David Berlind has a long interview, available as a podcast, with SugarCRM President John Roberts today.

The key question -- is SugarCRM really open source?

Roberts insists it is. The SugarCRM license merely combines elements from two existing open source licenses -- the Mozilla Public License and the Attribution Assurance License.

Trouble is, Roberts pushed the new license out there before getting OSI approval for it. He believes that will come. But if it doesn't, it doesn't. He's still standing with the license he has. And he will continue calling his company "Commercial Open Source."

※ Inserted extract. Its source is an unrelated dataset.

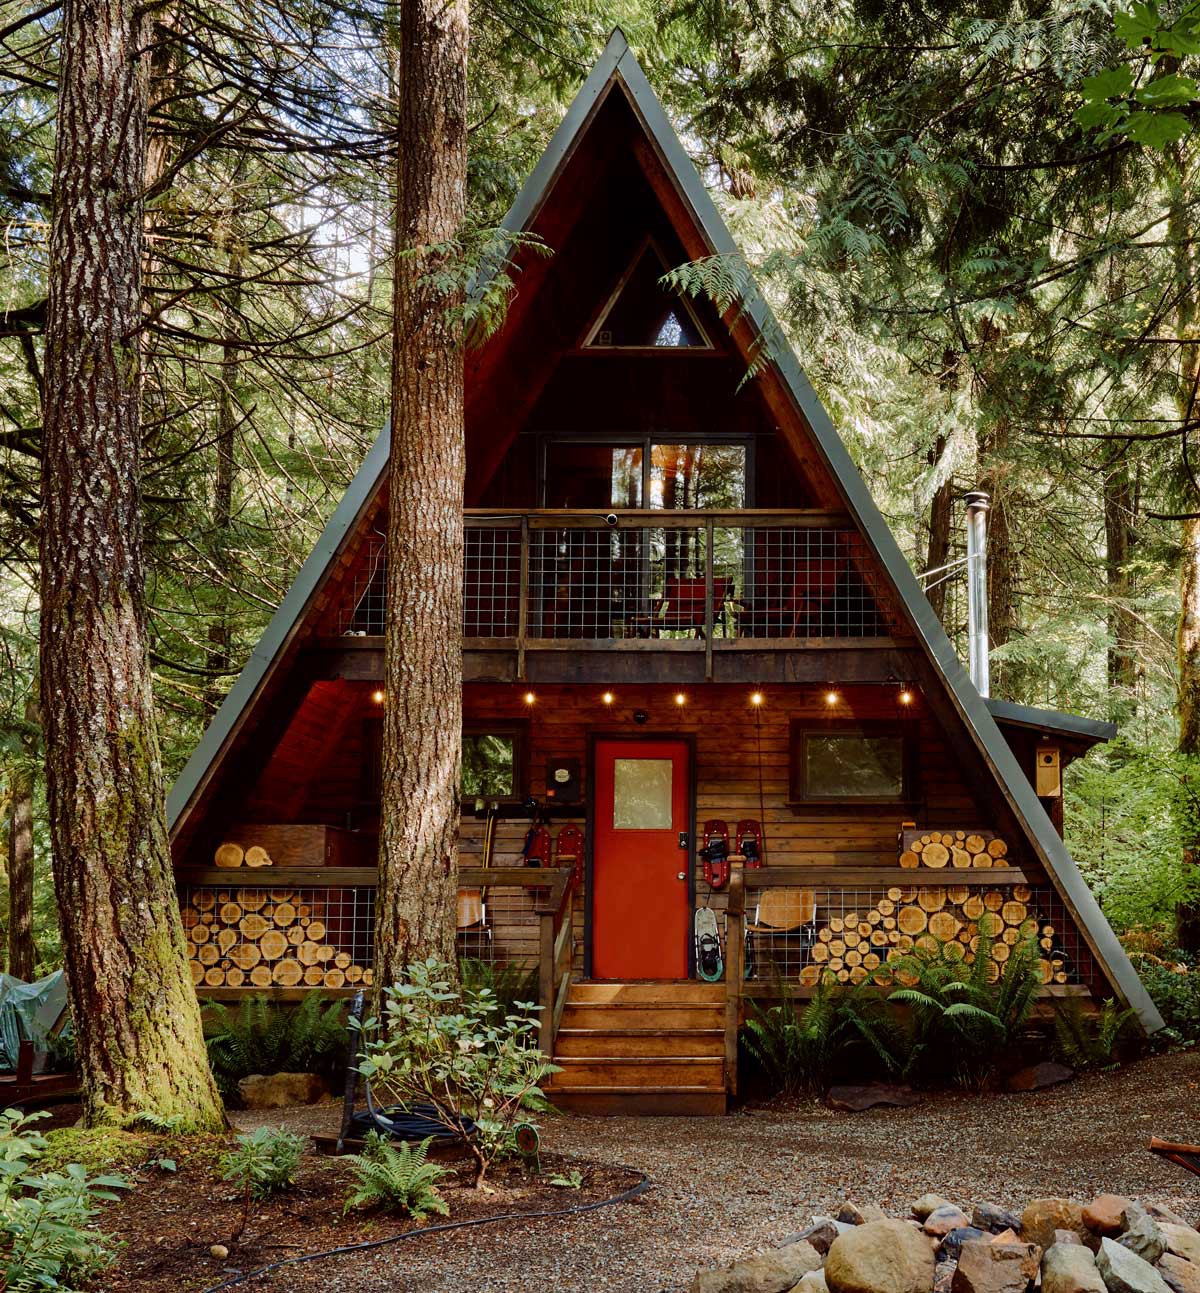 An A-frame house surrounded by pine trees in Washington state.

What's mainly at stake is a logo Sugar insists its customers display in their user interfaces, which identifies SugarCRM as the application "powering" their service.

Bruce Perens derides this as "badgeware." Roberts calls it "attribution."

Whatever. Sugar is demanding that its customers essentially market for it, if they wish to remain its customers. Which could, if it becomes common, leave user screens looking like NASCAR uniforms. (Or Talladega Nights.)

The term, as Ross Mayfield explains, comes from The Treasure of Sierra Madre, where a bandit (Alphonso Bedoya) claims to Humphrey Bogart he's the police, and Bogart notes he has no badge. "We ain't got no badges. We don't need no badges! I don't have to show you any stinking badges!!" (The picture, originally from the movie, was pulled off Ross's blog.)

Yeah, well John Roberts says you do need his badge. Or you're violating his SugarCRM license. Which is still open source, even though OSI hasn't approved it. It doesn't have the OSI badge of approval. It don't need no stinking badges. But you do. Gringo. (The Spanish for friend is amigo.)

The question to my mind is not whether Roberts is right or wrong. The question is whether this will impact anyone's decision to use SugarCRM, or contribute to SugarCRM. It's a question for the market. SugarCRM indeed does not need no stinking badges, but then you don't have to respect or contribute to it.